I now receive a message from my husband informing me that he has purchased two cheap tickets from a shady character outside the venue, and that I can soon expect to see him and my son in the seats to my left. I am delighted that they have decided to join me, partly to share the experience with them, albeit from different vantage points, and partly because of the knowledge that in years to come, my son will be able to say that when he was 13 years old he saw Morrissey live at Wembley arena. He doesn’t realise yet.

Since the crowd are not so tightly packed together as they were at this point in Leeds, I am able to sit down during the 2 ½ hour wait for the show to begin, leaning back against the barrier looking at my phone and many pairs of feet, and I have hopes that we will not experience the same degree of pushing and shoving that we did in Leeds. Not so. As soon as the show begins, the crowd turn into a rabid mob, and I must continually ensure that my arm is pressed up against that of the young man on my right in order to prevent us being ousted from our coveted barrier spots. This has the effect of inching us gradually to the right over time, and the young lady on my left is not so savvy and is later replaced by a fresh face. Whenever Morrissey comes near I have to block my ears to protect them from the piercing shrieks of young audience members at my shoulders.

I only describe these details, of which I am vaguely aware during the show, because I find it so impossible to describe the real drama, happening on stage right in front of me.

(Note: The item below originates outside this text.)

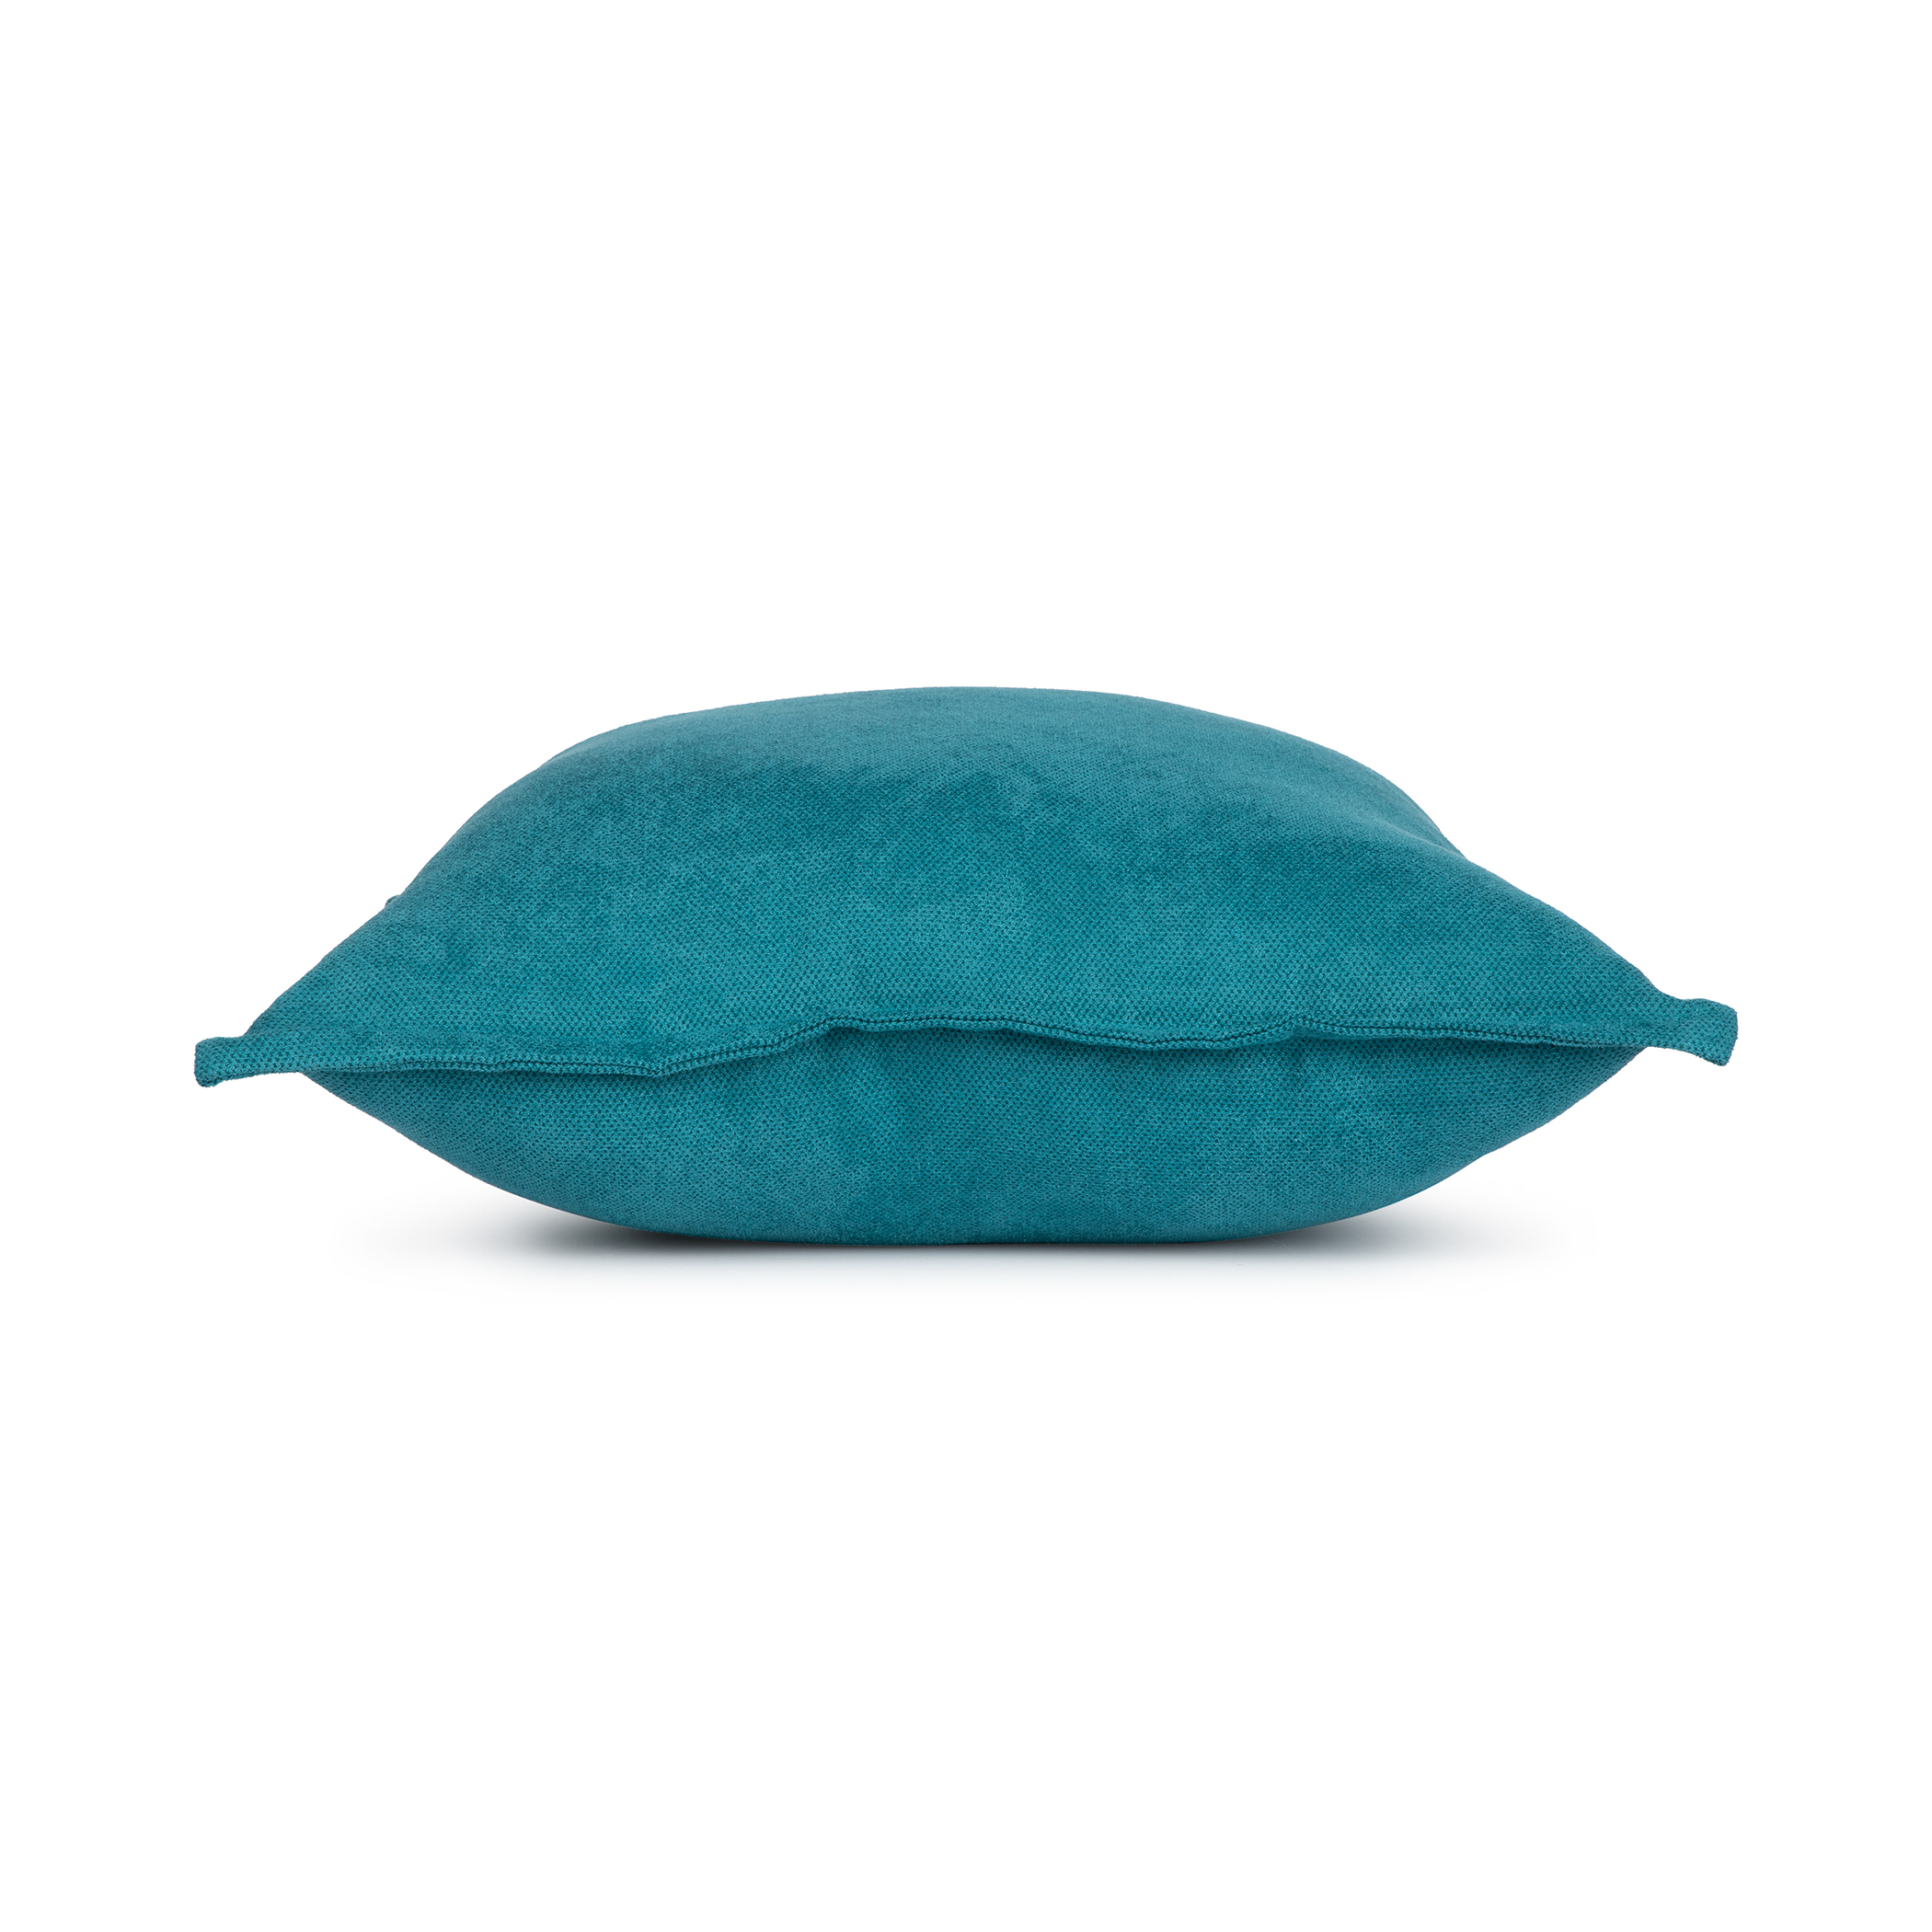 Mainstays Faux Suede Decorative Square Throw Pillow with Flange, 18" x 18", Peacock - image 2 of 4

At the end of the show Morrissey throws his t-shirt towards us but it doesn’t make the extra distance and lands in the void before us amidst a tussle between security and a crowd member they are apparently in the process of ejecting. There are more screams, and one of the security guards responds by quickly tossing the coveted item towards us. A young lady just near me is the lucky recipient, wisely ducking down into the darkness with her prize, and despite the jungle of grappling hands, when the lights come up and the crowd starts to disperse, she stands against the barrier with a look of disbelief on her face. After some enquiry, it is confirmed that she has managed to retain the entire t-shirt, I assume secreted somewhere about her person, and it is now she who smiles like the cat that got the cream.

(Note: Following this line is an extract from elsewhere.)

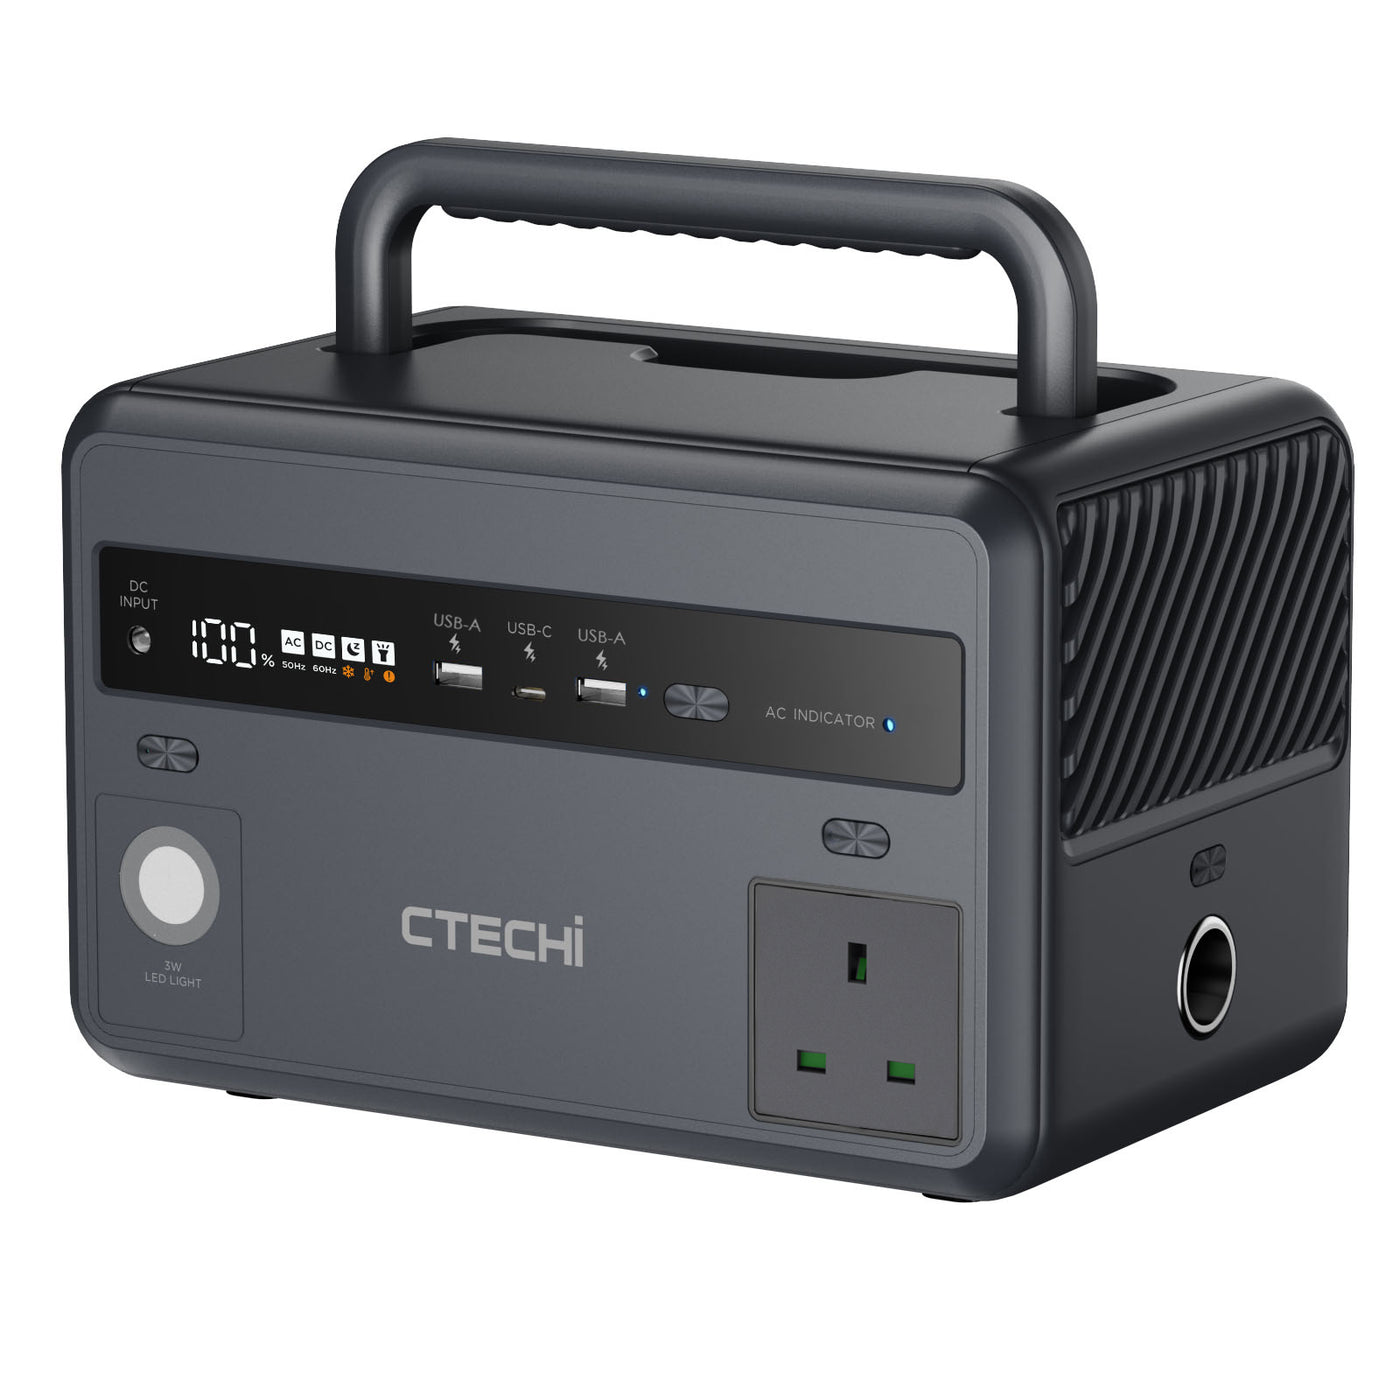 CTECHi GT300 Portable Power Station – ctechi-official

Outside there is a gathering of various familiar faces, and we eventually head with some Canadian friends to our hotel bar, since this means our son can go to bed whilst we stay up for drinks. I expect the bar to be dead and lifeless, but it is packed with Morrissey fans and buzzing with post-show merriment.

The next day brings more London sight-seeing and a visit to Boz and Lynn in their little Camden record store. We chat with them as if they are old friends, before heading out again to explore Camden market, which we are informed is much quieter than usual amidst coronavirus fears. “I wouldn’t travel on the Tube”, Boz states, and there is a sense that things are closing in on us. Indeed, the next few days bring the curtains down on life as we currently know it, and our weekend in London is still remembered as our last jaunt before lockdown.